Start of Recorded information

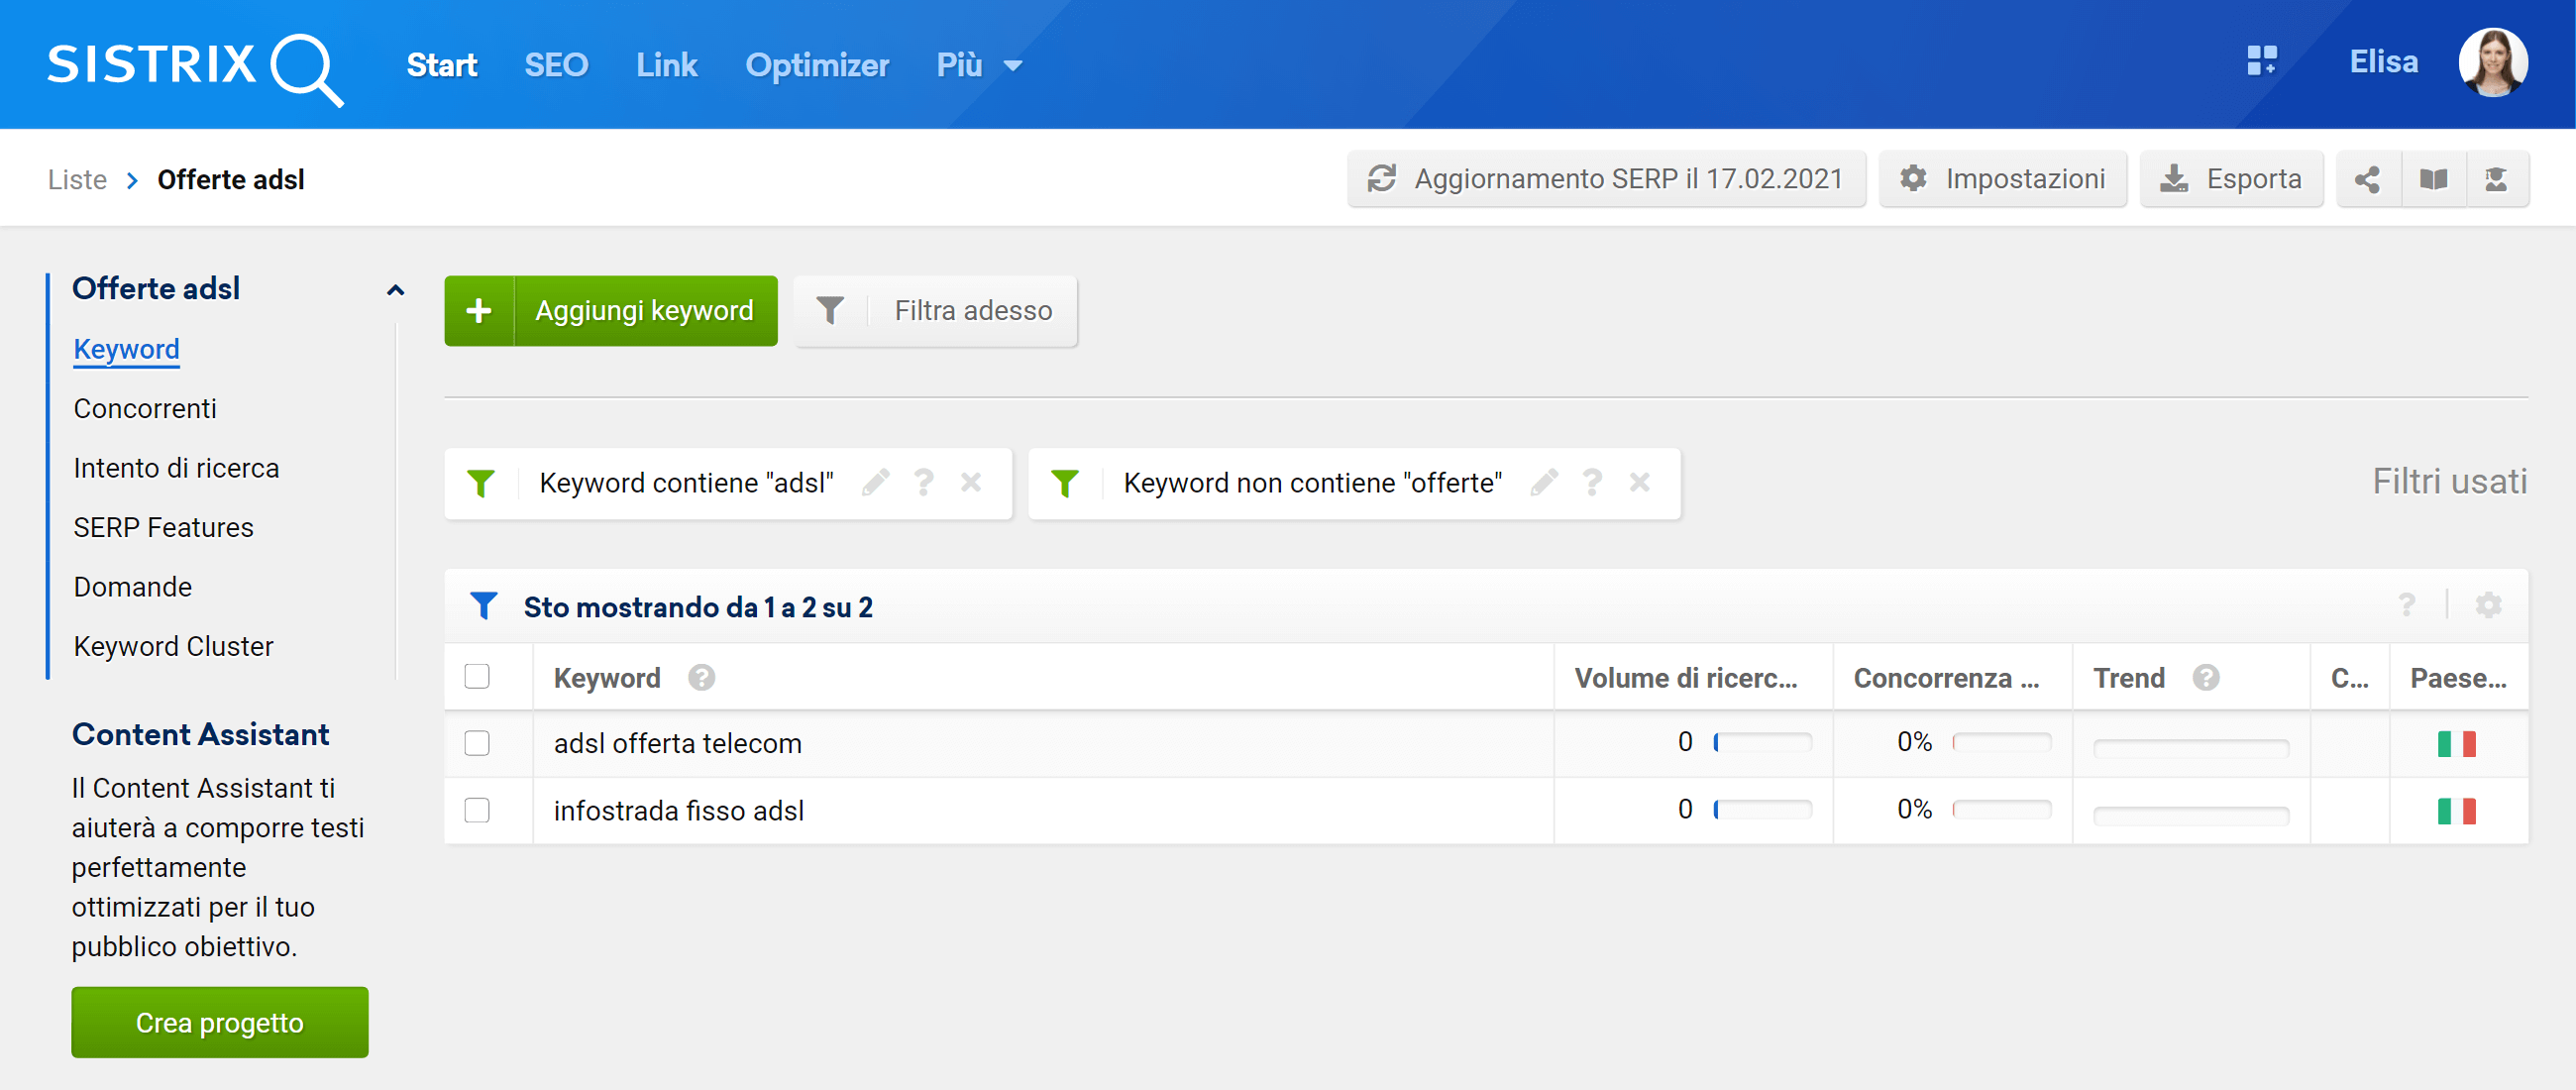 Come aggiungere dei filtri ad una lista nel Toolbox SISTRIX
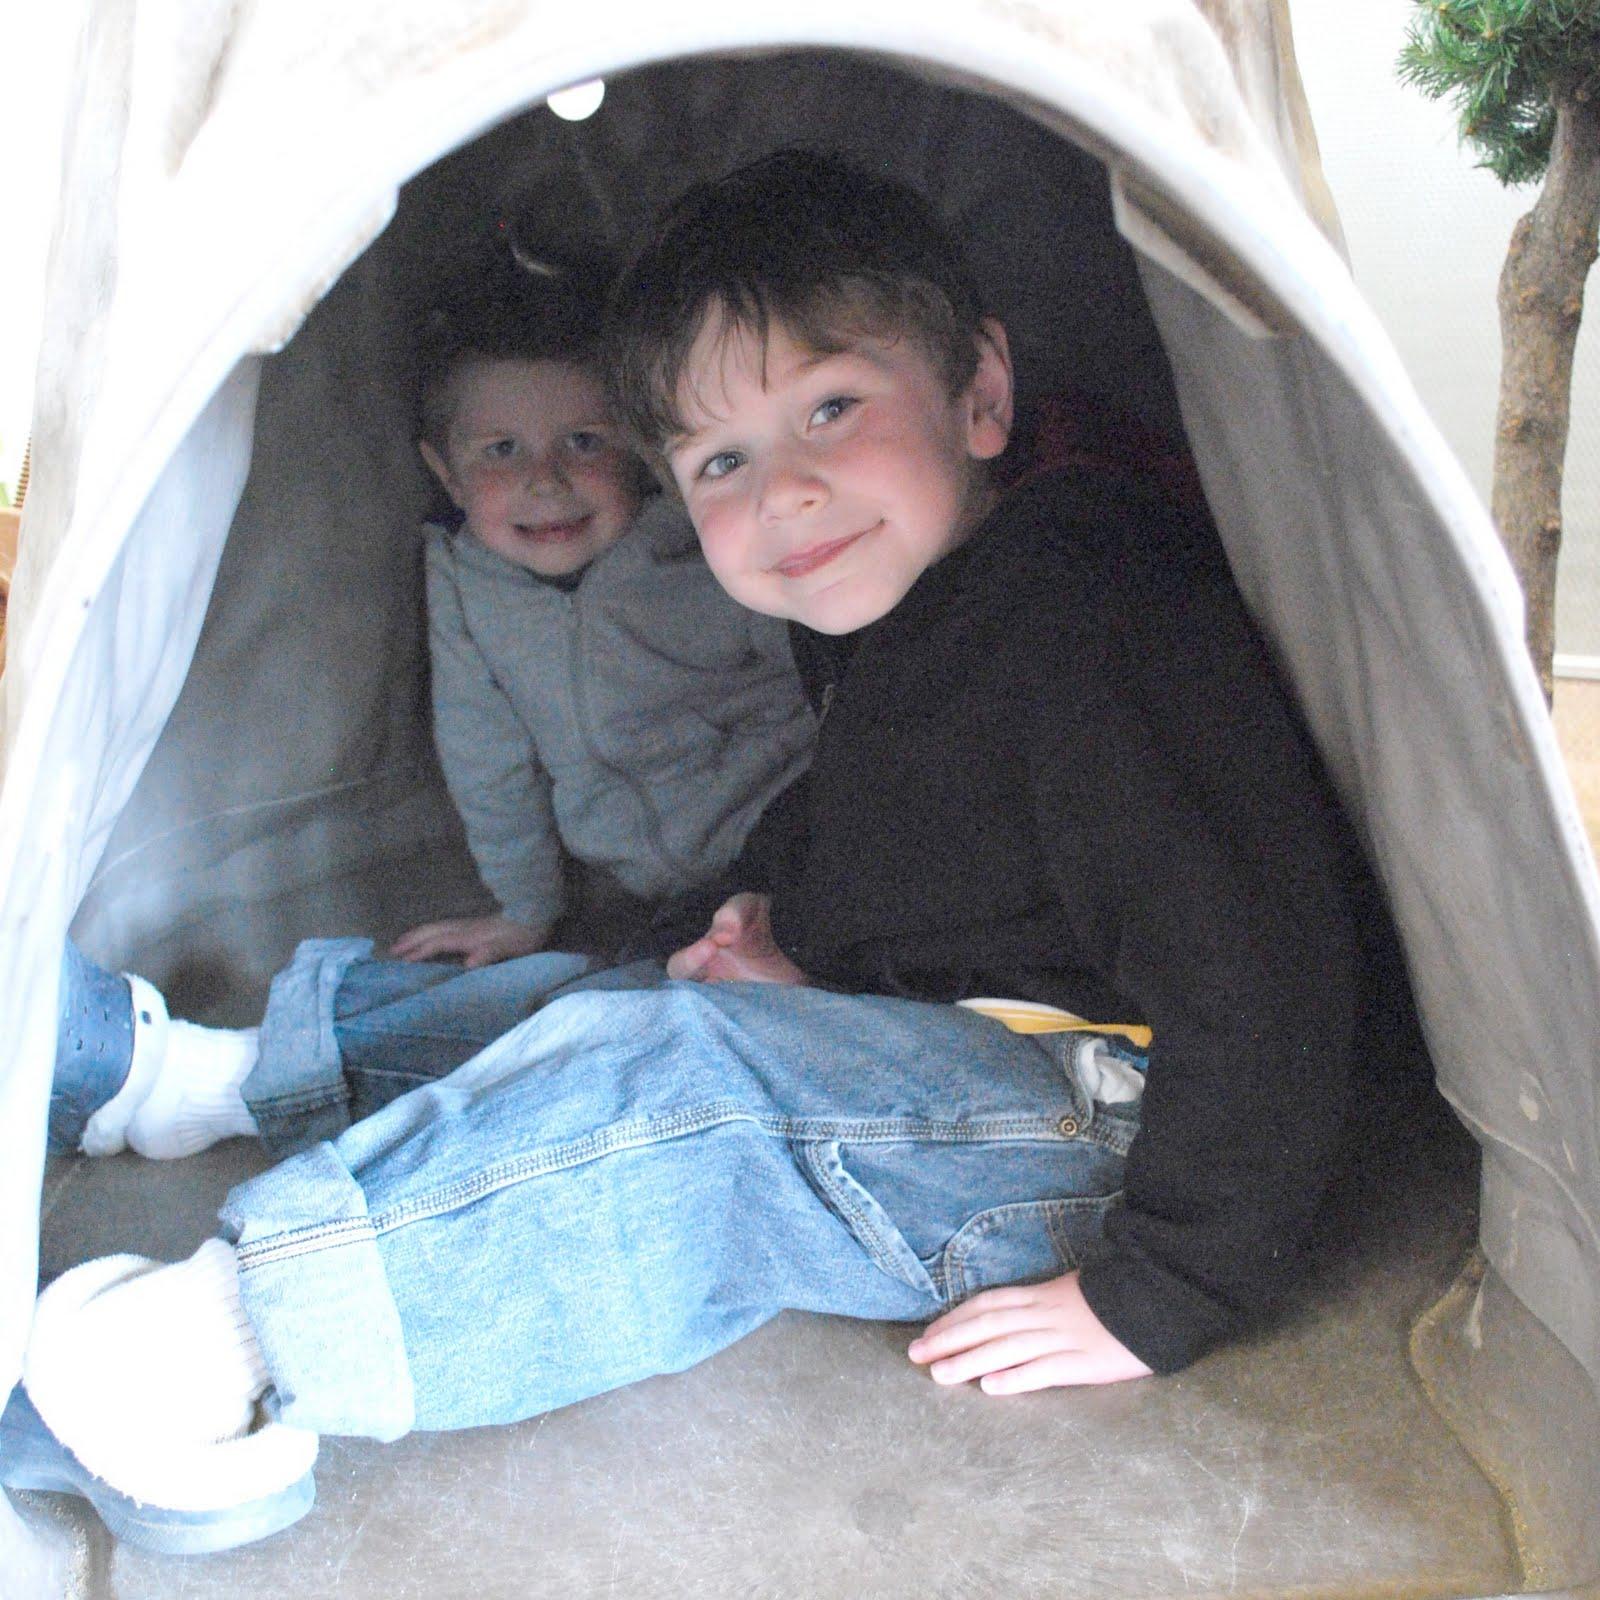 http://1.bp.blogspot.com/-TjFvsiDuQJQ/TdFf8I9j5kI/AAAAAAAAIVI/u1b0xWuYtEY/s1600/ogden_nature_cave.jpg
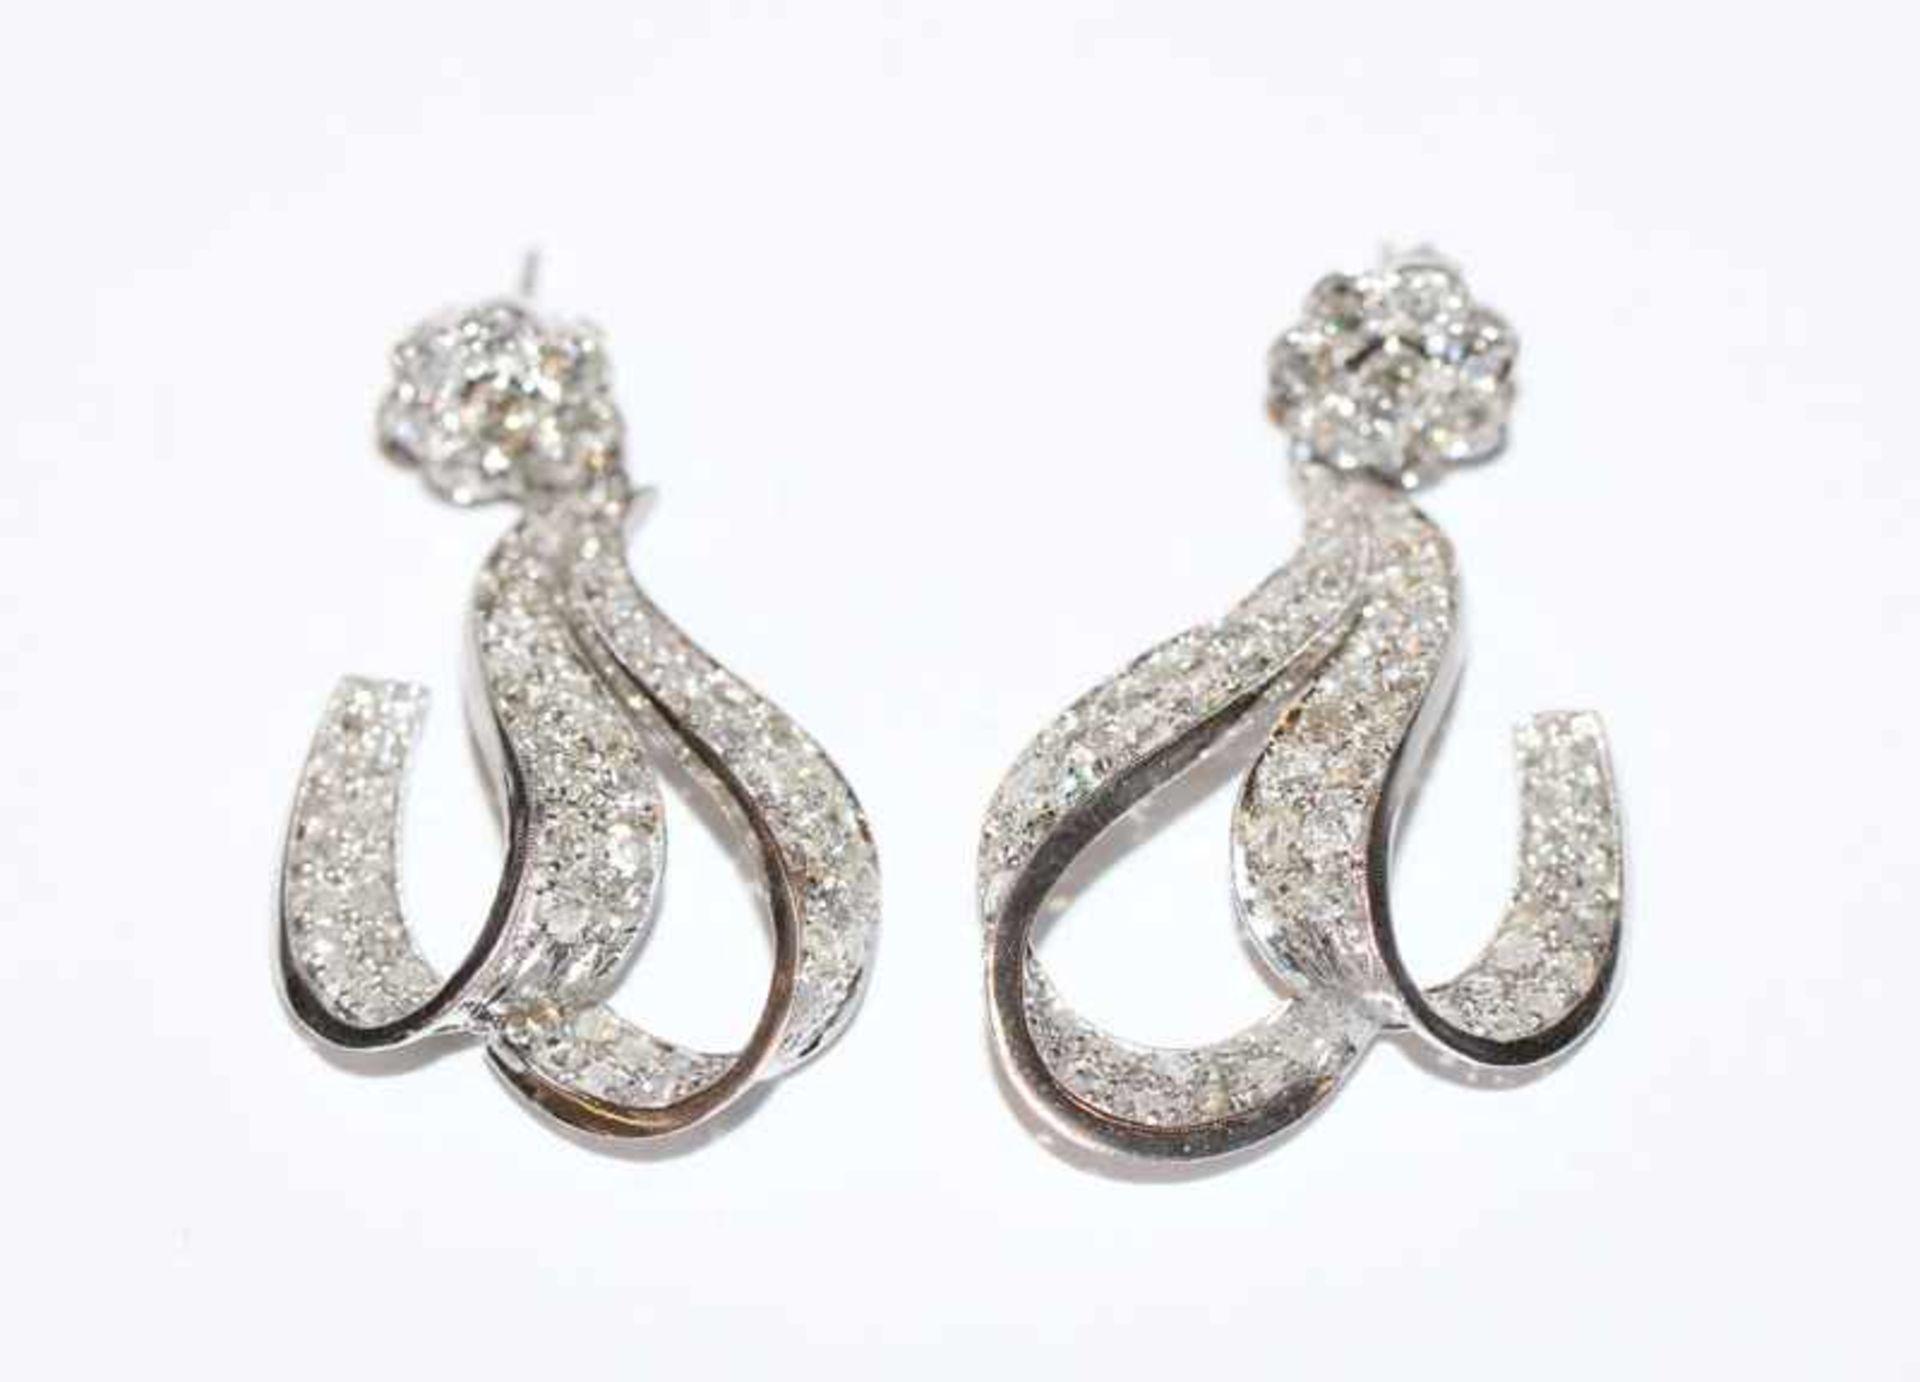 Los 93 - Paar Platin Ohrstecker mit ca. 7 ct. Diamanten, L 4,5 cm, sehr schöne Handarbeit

End of Recorded information

■ Required action ■
Skip every picture and transcribe the data above exactly.

■ Response to the exercise ■
 Come aggiungere dei filtri ad una lista nel Toolbox SISTRIX
 http://1.bp.blogspot.com/-TjFvsiDuQJQ/TdFf8I9j5kI/AAAAAAAAIVI/u1b0xWuYtEY/s1600/ogden_nature_cave.jpg
 Los 93 - Paar Platin Ohrstecker mit ca. 7 ct. Diamanten, L 4,5 cm, sehr schöne Handarbeit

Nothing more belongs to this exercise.